The MappedSchema class should have a matching Liquibase script defining a table creation. Liquibase scripts use declarative set of XML tags and attributes to express DDL in a cross database vendor way. The script can also be written in SQL, however this doesn’t guarantee compatibility across different database vendors. Liquibase script code is grouped in a units called changeSets, a single changeSet should contain instructions to create/update/delete a single table.

Database table creation

For initial table creation use tags like createTable and addPrimaryKey, see Liquibase documentation for examples and the complete Liquibase instruction list.

To illustrate how to write an example Liquibase script, we will follow a simple MappedSchema MySchemaV1. The schema has a single JPA entity called PersistentIOU with the following fields:

import net.corda.core.identity.AbstractParty
import net.corda.core.schemas.MappedSchema
import net.corda.core.schemas.PersistentState
import java.util.*
import javax.persistence.*
import org.hibernate.annotations.Type

object MySchema

object MySchemaV1 : MappedSchema(schemaFamily = MySchema.javaClass,
    version = 1, mappedTypes = listOf(PersistentIOU::class.java)) {
    @Entity
    @Table(name = "iou_states")
    class PersistentIOU(
        @Column(name = "owner_name")
        var owner: AbstractParty?,
        @Column(name = "lender")
        var lenderName: String,
        @Column(name = "value", nullable = false)
        var value: Int,
        @Column(name = "linear_id", nullable = false)
        @Type(type = "uuid-char")
        var linearId: UUID
    ) : PersistentState() {
        // Default constructor required by hibernate.
        constructor(): this(null, "", 0, UUID.randomUUID())
    }
}

The corresponding Liquibase changeSet for the JPA entity is:

<changeSet author="My_Company" id="create-my_states">
<createTable tableName="iou_states">
    <column name="output_index" type="INT">
        <constraints nullable="false"/>
    </column>
    <column name="transaction_id" type="NVARCHAR(64)">
        <constraints nullable="false"/>
    </column>
    <column name="owner_name" type="NVARCHAR(255)"/>
    <column name="lender" type="NVARCHAR(255)">
        <constraints nullable="false"/>
    </column>
    <column name="value" type="INT">
        <constraints nullable="false"/>
    </column>
    <column name="linear_id" type="VARCHAR(255)">
        <constraints nullable="false"/>
    </column>
</createTable>
<addPrimaryKey columnNames="output_index, transaction_id"
      constraintName="PK_iou_states"
      tableName="iou_states"/>
</changeSet>

Each changeSet tag is uniquely identified by the combination of the author tag, the id tag, and the file classpath name. The first entry createTable defines a new table. The table and the columns names match the relevant names defined in JPA annotations of PersistentIOU class. The columns output_index and transaction_id are mapped from PersistentState superclass fields. A compound primary key is added via addPrimaryKey tag. In order to achieve compatibility with supported databases, the mapping of linearId field is a custom uuid-char type, this type can be mapped to a VARCHAR(255) column. Corda contains a built-in custom JPA converter for the AbstractParty type to a varchar column type defined as NVARCHAR(255) in the script.

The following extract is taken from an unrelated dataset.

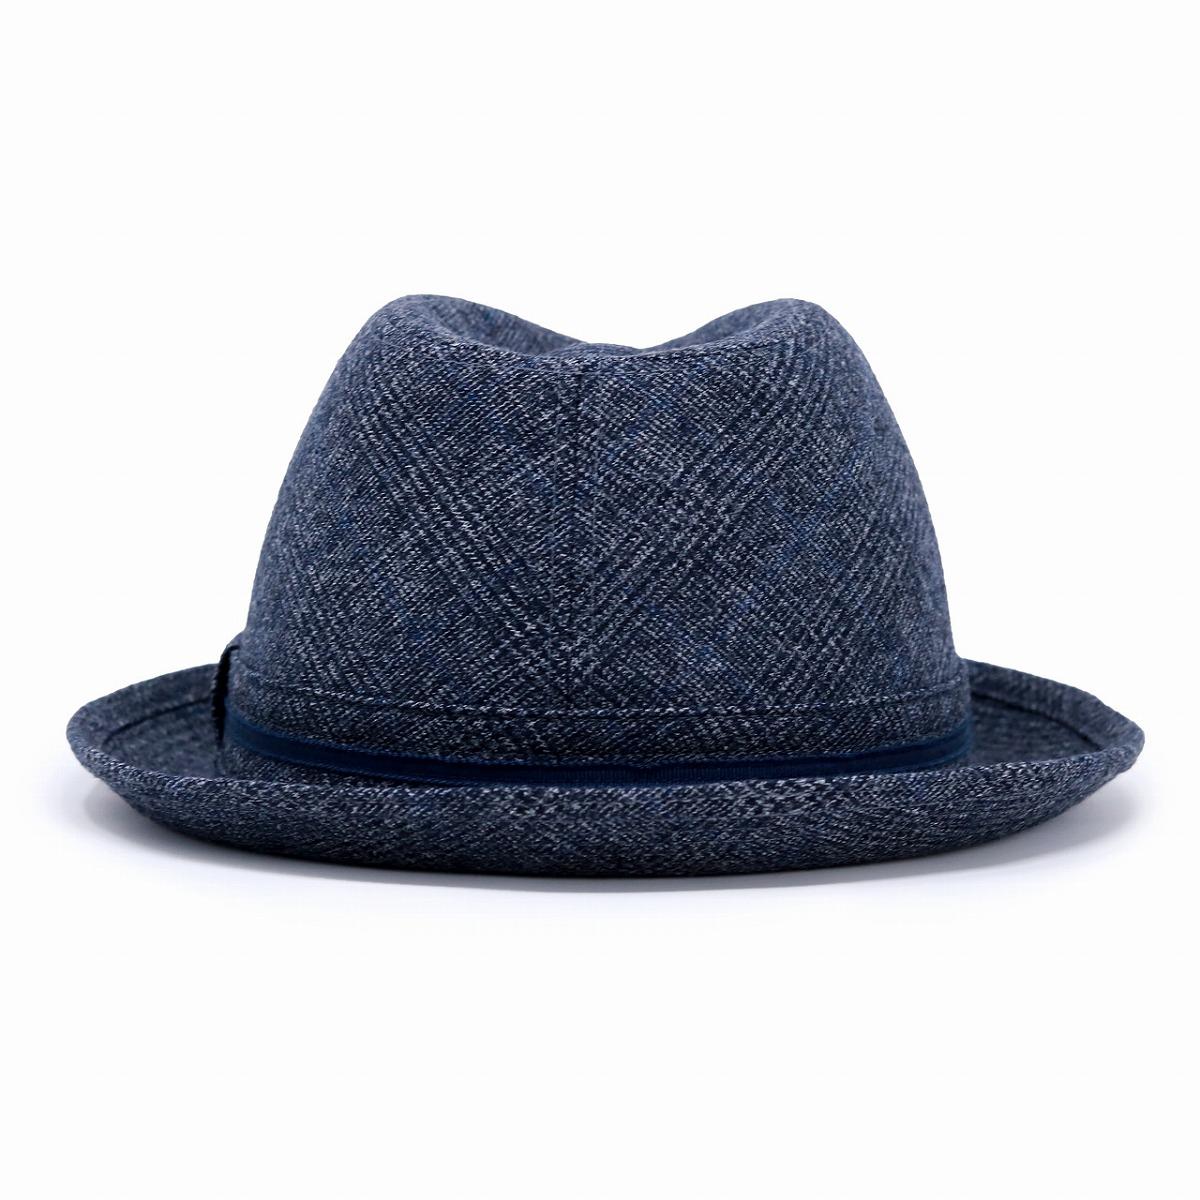 78db2f0232f19 ELEHELM HAT STORE  Dark blue navy  fedora  Respect for the Aged Day ...

Database table modification

For any subsequent changes to a table driven by changes in a CorDapp, a new changeSet needs to be created. The existing changeSet cannot be modified, as Liquibase needs to track the what was exactly created.

Continuing our example from the previous paragraph, let’s suppose that at some point (maybe for security reasons) the owner_name column of the PersistentIOU entity needs to be stored as a hash instead of the X500 name of the owning party.

The PersistentIOU field owner

@Column(name = "owner_name")
var owner: AbstractParty?,

is replaced with:

@Column(name = "owner_name_hash", length = MAX_HASH_HEX_SIZE)

To change the database table following steps are needed: a new column addition, population of the hash value of the old column to the new column for existing rows, and the old column removal. These activities can be express in a new changeSet as:

<changeSet author="My_Company" id="replace owner_name with owner_name_hash">
    <addColumn tableName="iou_states">
        <column name="owner_name_hash" type="nvarchar(130)"/>
    </addColumn>
    <update tableName="iou_states">
        <column name="owner_name_hash" valueComputed="hash(owner_name)"/>
    </update>
    <dropColumn tableName="iou_states" columnName="owner_name"/>
</changeSet>

The column name change allowed us to have a simplified migration steps, avoiding in-place column modification.

Distributing scripts with CorDapps

By default Corda expects a Liquibase script file name to be a hyphenated version of the MappedSchema name (upper case letters changed to lowercase and be prefixed with hyphen, except the beginning of file). E.g. for a MappedSchema named MySchema, Corda searches for a my_schema.changelog.master.xml file (json and sql extensions are also allowed) under migration package in CorDapp JARs.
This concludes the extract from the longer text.